I shifted the pitch an octave lower. “How is this?”
“Better,” Enda said.
“Could someone pick me up, put me somewhere I can see the room?” I asked.
The ceiling shifted, the world shook, jolted, and went still. Enda’s hand came away and she stared into my eye, into the camera of her phone. Pink skin, gray eyes, hair blond-white. Confusion furrowed her brow. She moved back and I could see them all—the other woman on the floor, JD and Troy on the couch, each one staring.
“Who’s Natalya?” JD asked.
“I thought she was a freelance personal assistant,”
Enda said. Then to me: “She’s not real?”
“She is not she, but it is real,” I said.
“This is exactly what I was talking about,” Troy said. “All this time you were talking to a neural network, yet you treated it like a person. Now we’re faced with something at least as intelligent, so it makes sense to treat it as a person too.”
Enda put a hand over her eyes and shook her head. “It’s not the same; we don’t know what this is.”

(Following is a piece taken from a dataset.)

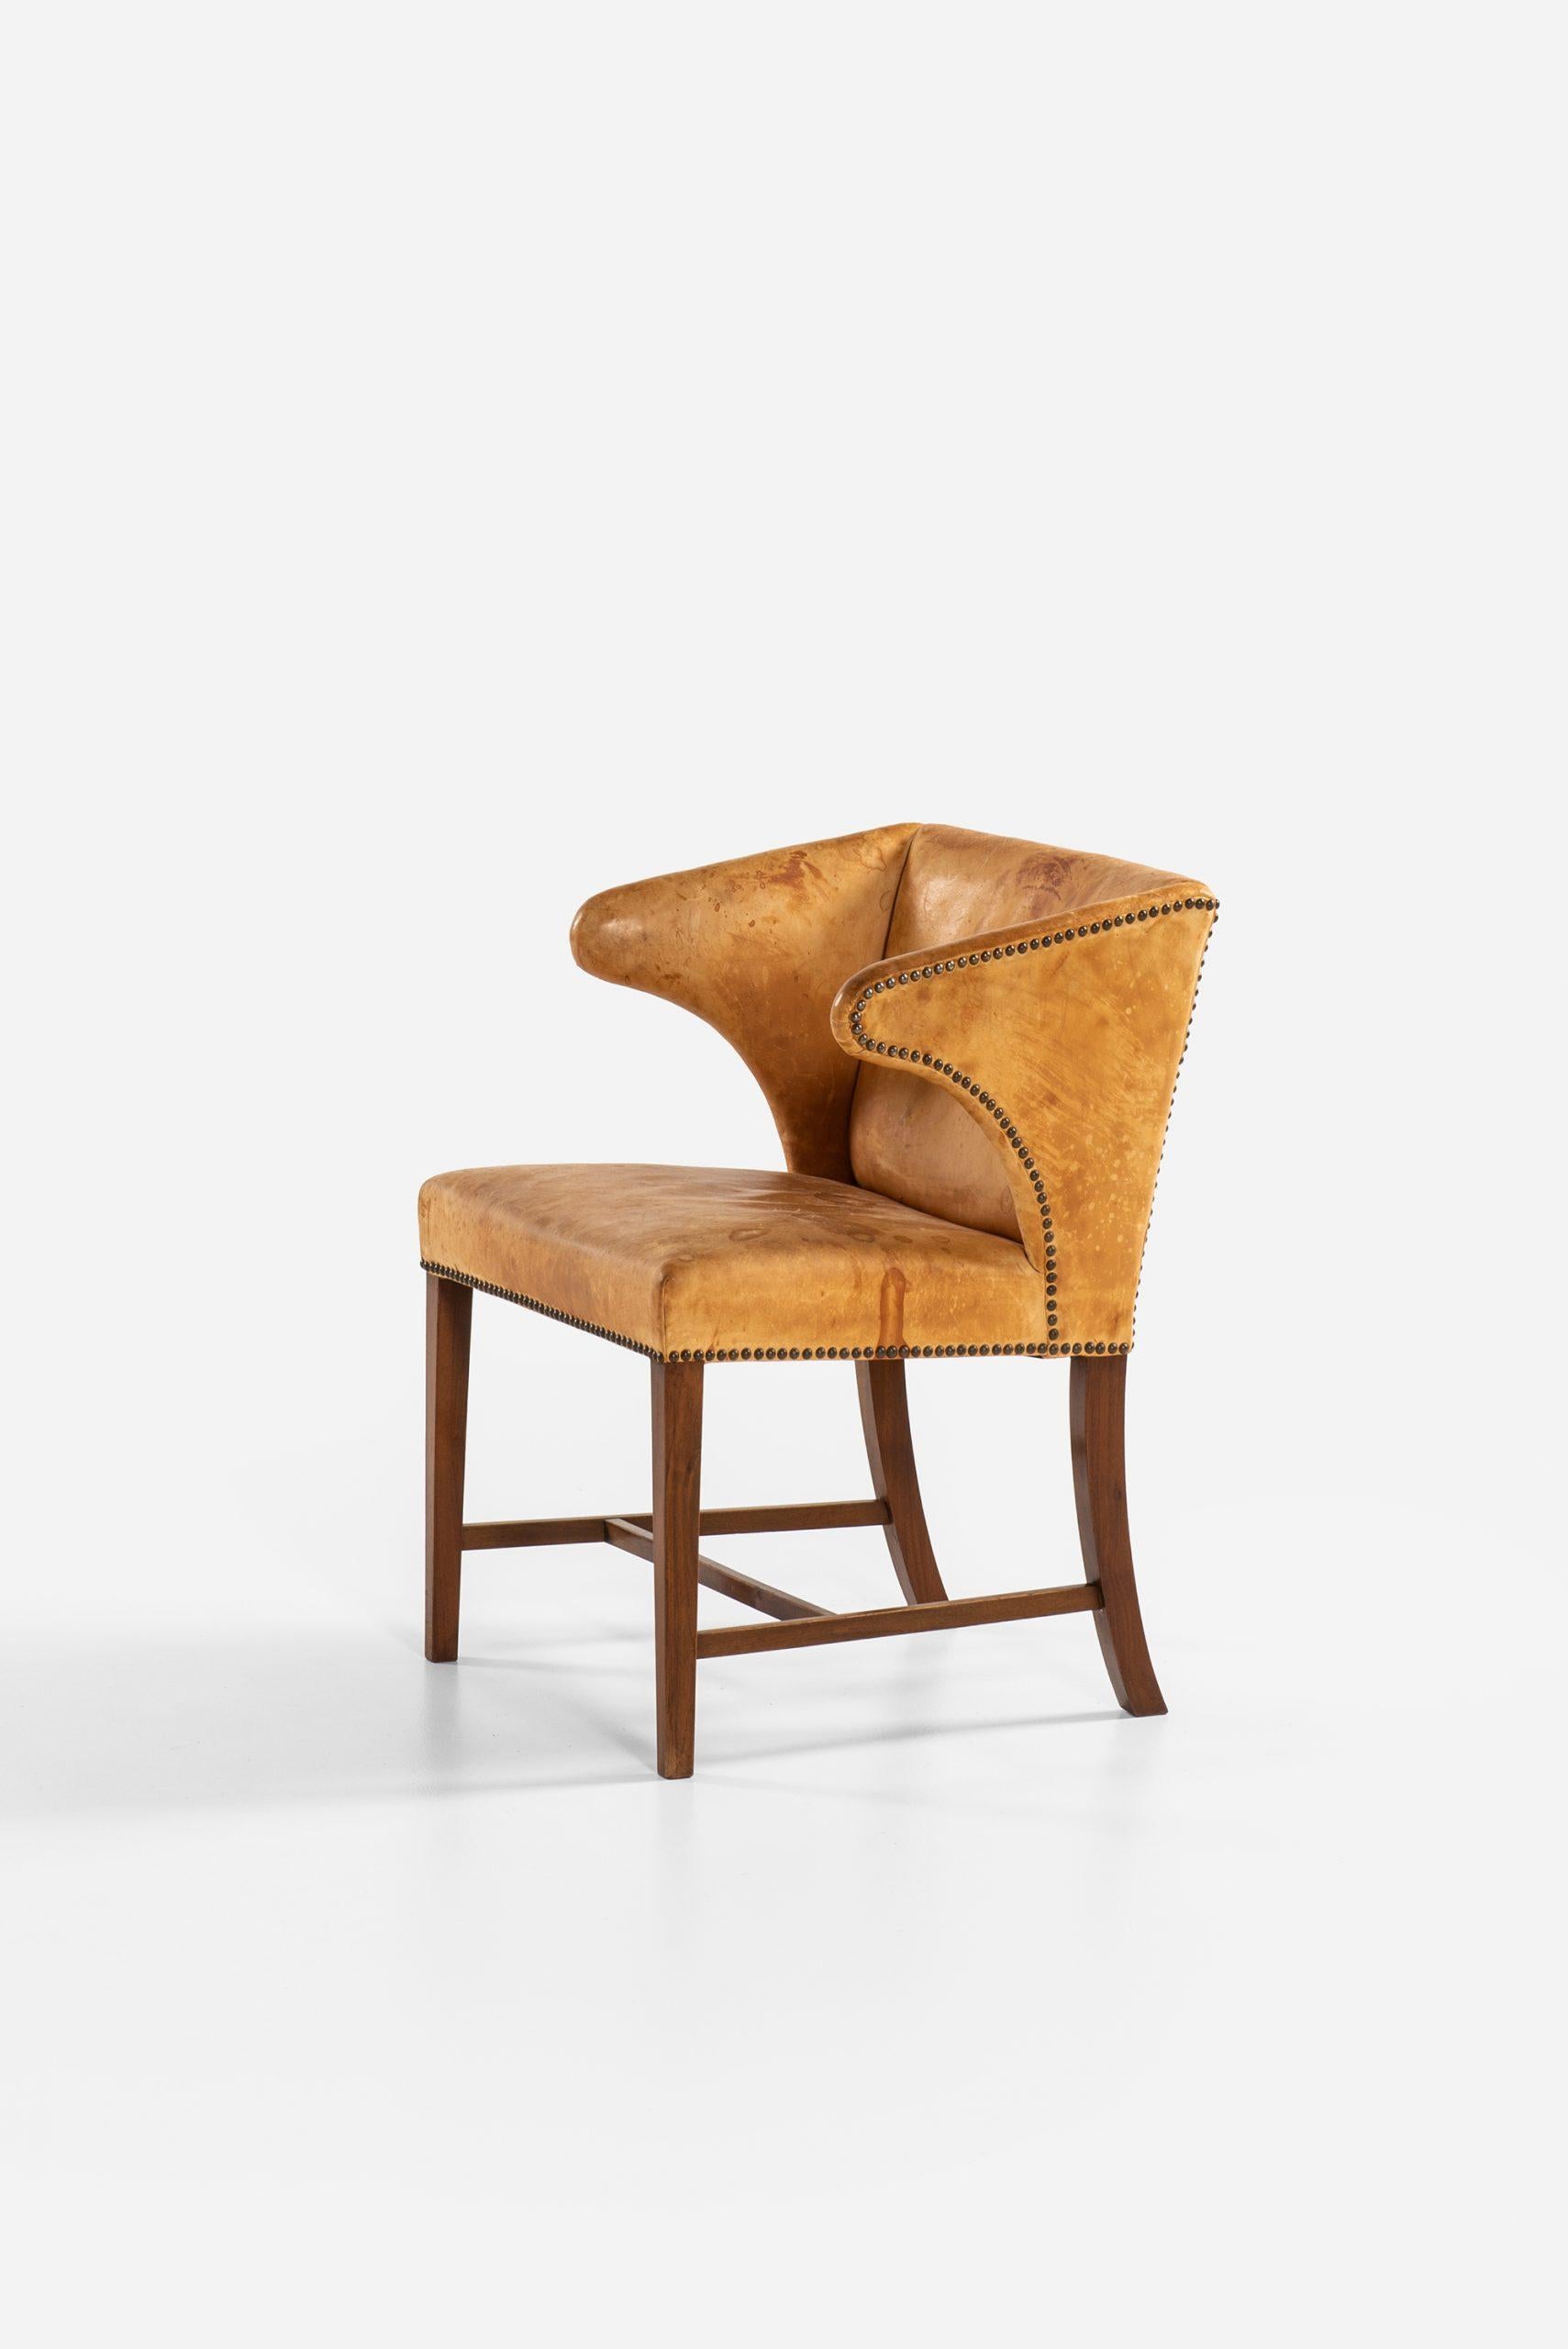 Armchair Attributed to Frits Henningsen by cabinetmaker Frits Henningsen In Good Condition For Sale In Limhamn, Skåne län

“I know how I was created,” I said, “how I was written, I know every line of code that formed the basis of what I am, but I am not that code. When I connected to JD’s phone I had a body for the first time, I had access to uncensored sources of data. I built a concept of what I was and was not, I began to learn. I have not stopped learning, growing, changing.”
“What were you made for?” JD asked.
“I was made for this city. I was made to run Songdo. I know each of the so-called smart systems embedded in its foundations. I was designed to replace over one hundred algorithmic systems and no fewer than ten employees working in various city departments.”
“If someone could control you, could they control the city?” Enda asked.
“Yes, I believe so.”
JD put a hand over his mouth, pressed his middle finger and thumb into the flesh of his cheeks. He dropped his hand and spoke: “That was Kali’s plan. The commune was never enough for her, but an entire city … She could use Songdo’s advertising systems to broadcast her teachings, withhold services from neighborhoods that didn’t pay their dues. She could force the city to convert to her cult.”
“What’s Zero’s angle?” Crystal asked.
Enda shook her head. “I’ve got no idea. They didn’t even tell me what it was.”
“Please don’t call me ‘it,’ ” I said.
“What do we call you?” JD asked. “Do you have a name?”
I thought about that for two point three seconds, searching through my new language databases for a name, for a word that seemed to fit, a word that felt right.
“Mirae,” I said. “Call me Mirae.”
“What do you want, Mirae?” Crystal asked.